In 2024, business leaders can expect to a significant increase in activity from a third flavor of adversary: ideologically motivated threat actors, often referred to as “hacktivists” or “cyberterrorists” depending on one’s opinion of their targets. Ideologically motivated cyberattacks aim to disrupt critical infrastructure and sow discord within target nations. They may target power grids, transportation systems, financial institutions, or even companies that are perceived to take an opposing social stance causing widespread disruption and economic damage. But their goal is not to monetize that damage, like a financially motivated cybercrime; or to collect intelligence for analysis, like state-sponsored espionage. For these ideologically motivated actors, disruption is an objective in and of itself.
As hacktivism surges this year, small businesses in sectors once thought of as “safe” from cybercrime must recognize that ideological adversaries could view them as low hanging fruit. Let’s say, for the sake of example, you run a fashion blog. It is unlikely your site stows the large cash reserves targeted by financial crimes; or the classified IP of the sort sought by the China-backed breach of Boeing. Nothing to worry about, right?
Wrong. A typical tactic of ideologically motivated actors is to spread propaganda and disinformation online. Hackers can hijack media outlets to promote fake news, manipulate social media algorithms and even infiltrate online communities to spread misinformation. When TTPs are optimized to cause confusion, polarize public opinion and undermine trust in institutions, that fashion blog could easily be caught in the crosshairs.

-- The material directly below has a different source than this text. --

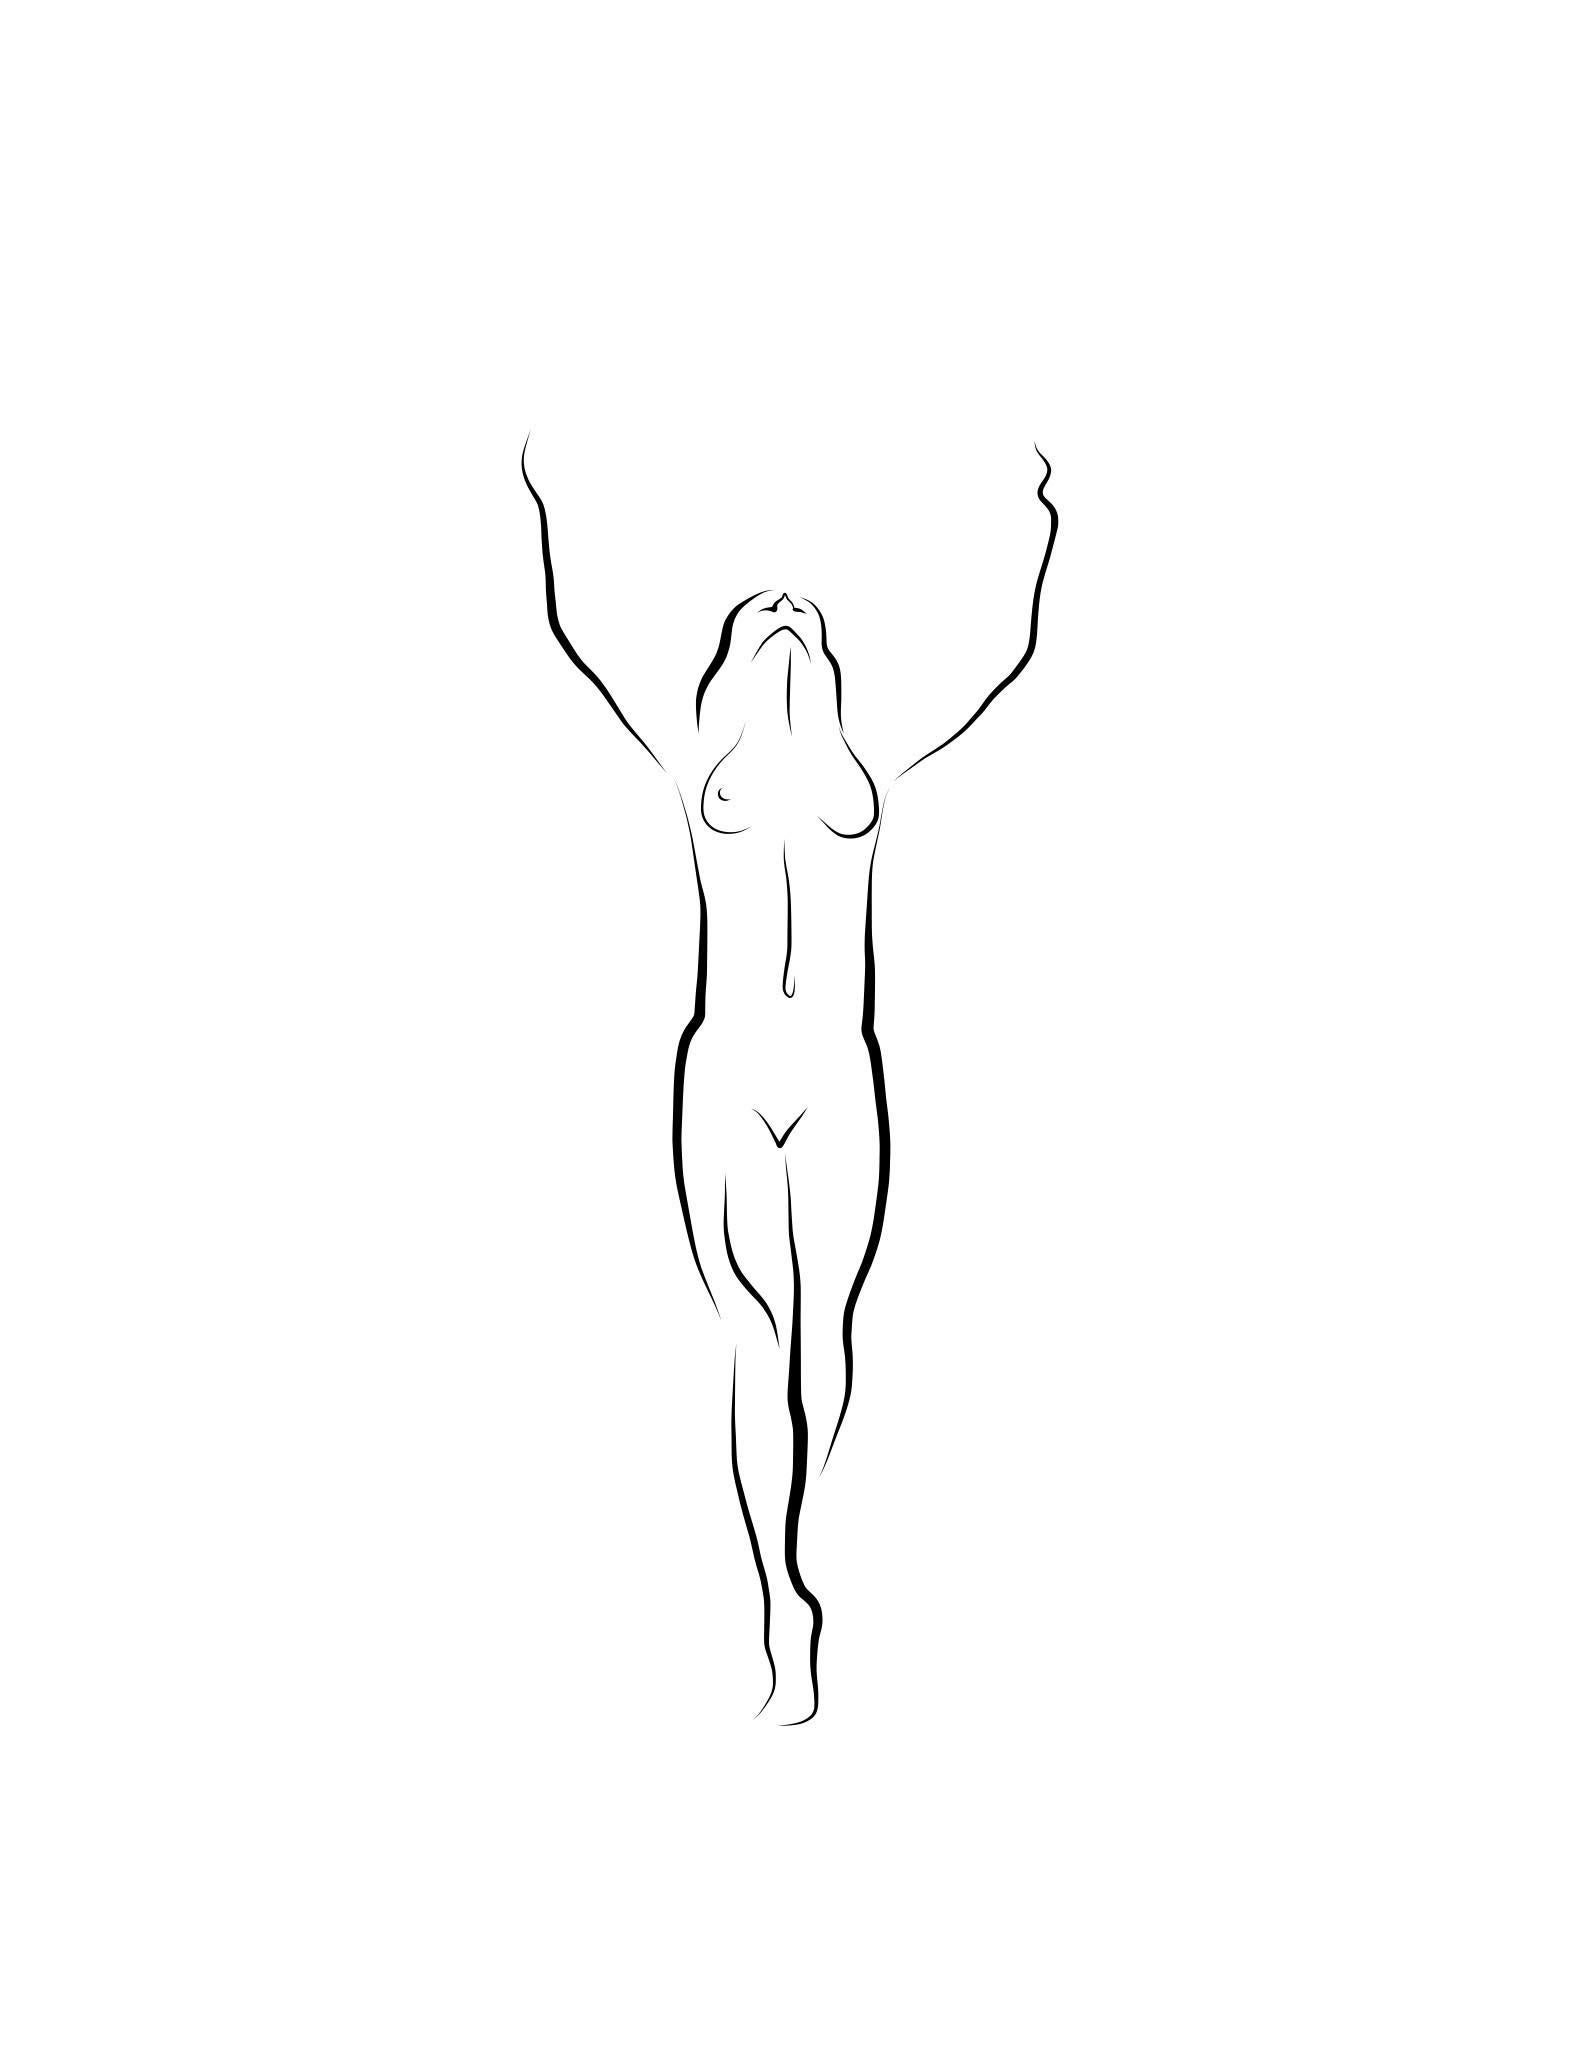 Michael Binkley Nude Print – Haiku #48, 1/ 50 - Digitale Vector-Zeichnung, stehende weibliche Aktfigur, weiblicher Akt, Figur

As a result, executives across industries must recognize security as an organizational enabler, not a narrow niche for technical specialists, and build it into the fabric of their operations. Guides like “How to Build a Security Framework” can offer you a helpful head start. For SMEs, newer all-in-one cybersecurity platforms offer an affordable and realistic approach for gaining enterprise-grade defenses without the exorbitant costs and complexities of building and operating an integrated multi-vendor tech stack.
Conclusion
For a growth-focused SME, lapses in cybersecurity can be catastrophic. Protection must be integral to every aspect of decision-making, from product development to supply chain management. By understanding new opportunities to holistically manage risk in collaboration with technology teams, business leaders can prepare to boost organizational resilience in 2024.